I realize the difference now: your samples is a dictionary which values are tensors, not a list of integers as in my version.

Z_Eamon · October 6, 2020, 6:07am

there is a bug:
def getitem(self, index):
x = self.data[index]
y = self.target[index]
data_dict={‘data’: x, ‘target’: y}
return data_dict
then all item in the batch will be the same as the first item, which is wrong.
I want to write this because sometime the data_dict is returned by a function, and it has so many keys.

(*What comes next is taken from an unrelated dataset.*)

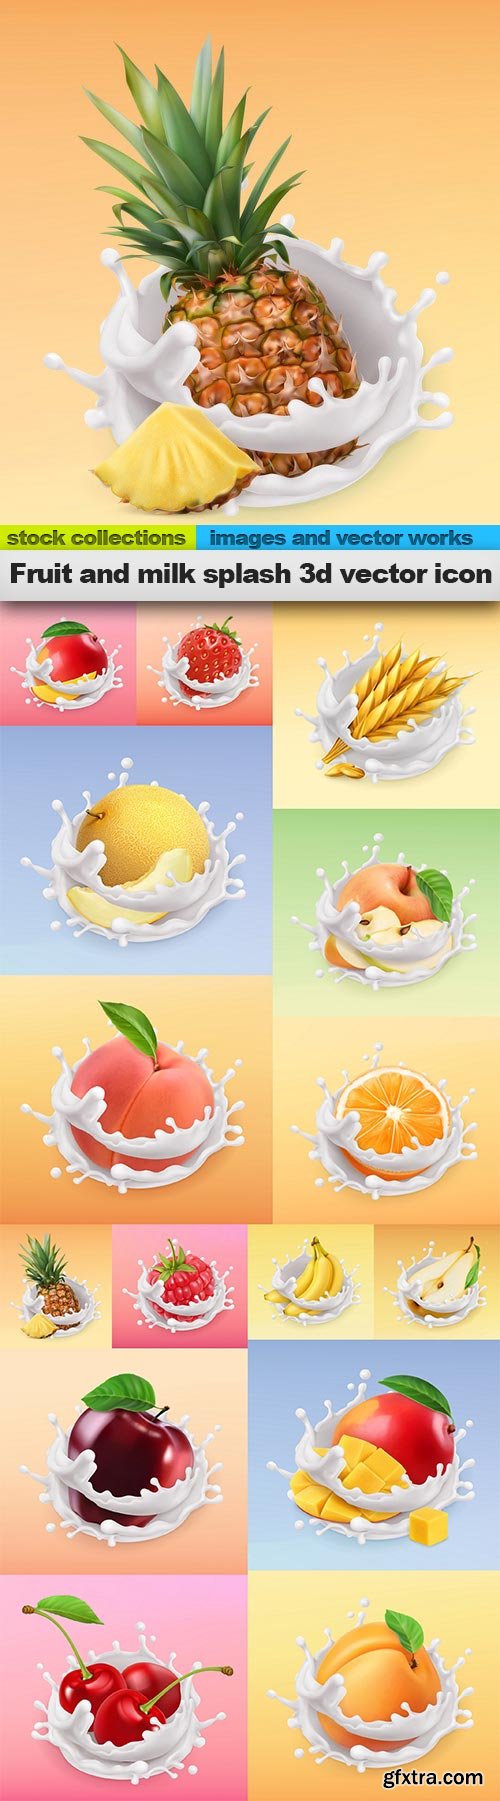 Fruit and milk splash 3d vector icon, 15 x EPS

ptrblck · October 6, 2020, 6:20am

I cannot reproduce the bug using some predefined tensors for data and target:

class MyDataset(Dataset):
    def __init__(self):
        self.data = torch.arange(10).float().view(-1, 1)
        self.target = torch.arange(10).float().view(-1, 1) + 1
        
    def __getitem__(self, index):
        x = self.data[index]
        y = self.target[index]
        data_dict={'data': x, 'target': y}
        return data_dict
    
    def __len__(self):
        return len(self.data)

dataset = MyDataset()
for batch in dataset:
    print(batch)

loader = DataLoader(dataset, batch_size=2, shuffle=True)
for batch in loader:
    print(batch)

Could you post an executable code snippet to reproduce this issue?

aksg87 · May 8, 2021, 6:16am

Is there some magic happening in Dataset to make the return type of dataset[1:2] a dict and not list? I would think it would be a list!

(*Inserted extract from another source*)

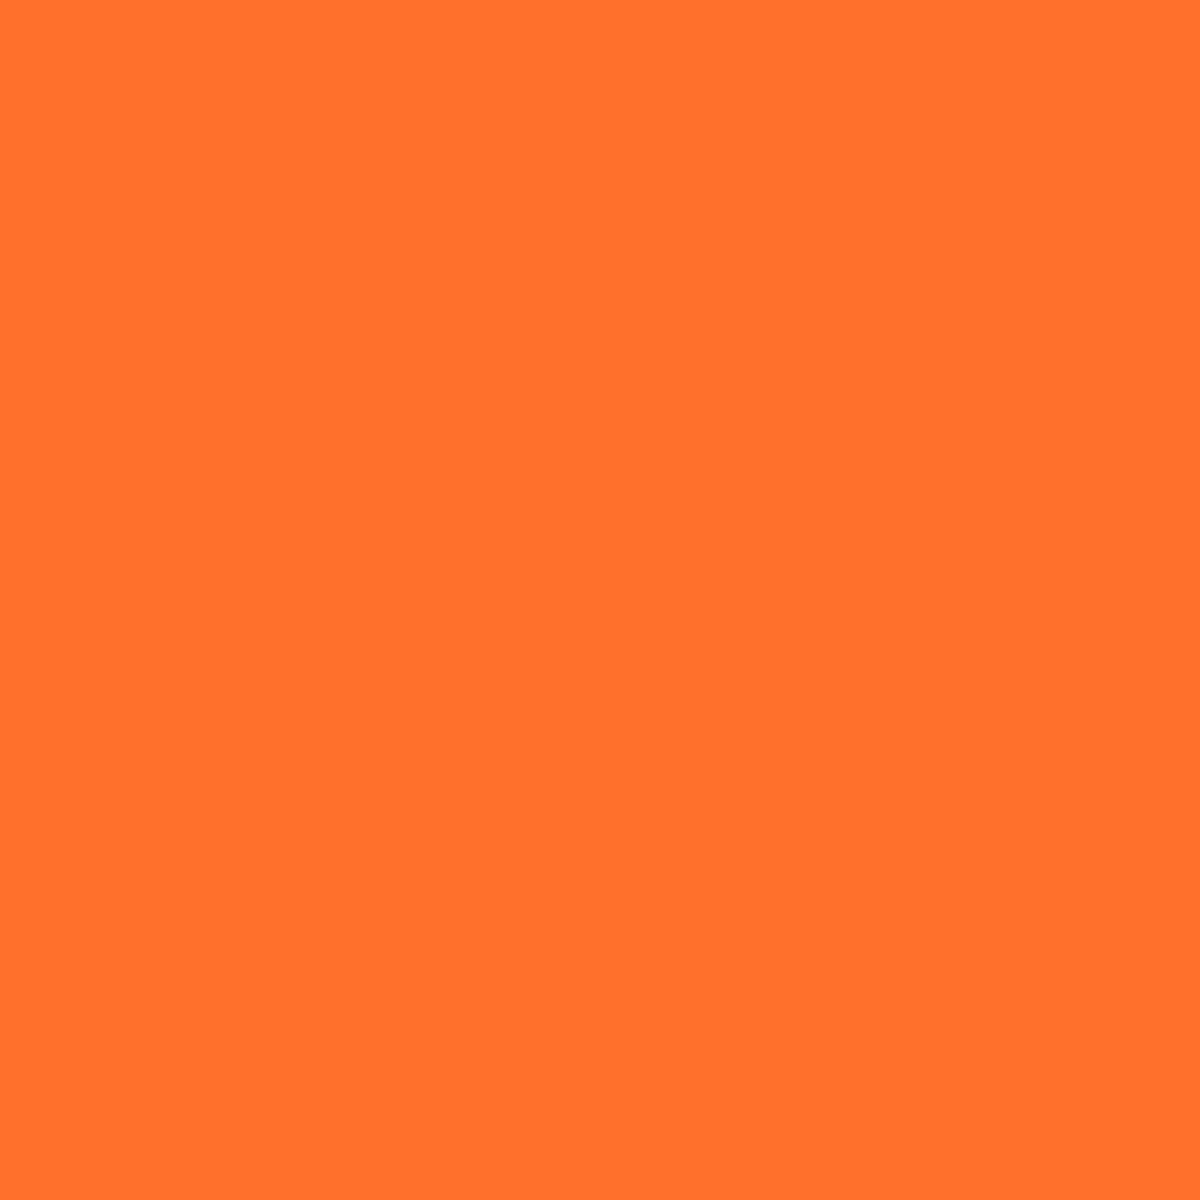 Plain Orange

ptrblck · May 8, 2021, 6:41am

The default_collate method uses some checks and in particular checks the input for collections.abs.Mapping here, which then calls default_collate again on the values and returns a dict.

aksg87 · May 8, 2021, 3:04pm

Ah! Thanks. That’s very elegant

y-vectorfield · March 7, 2024, 9:30am

I faced with this problem.
Anyone knows the solution for this, please let me know.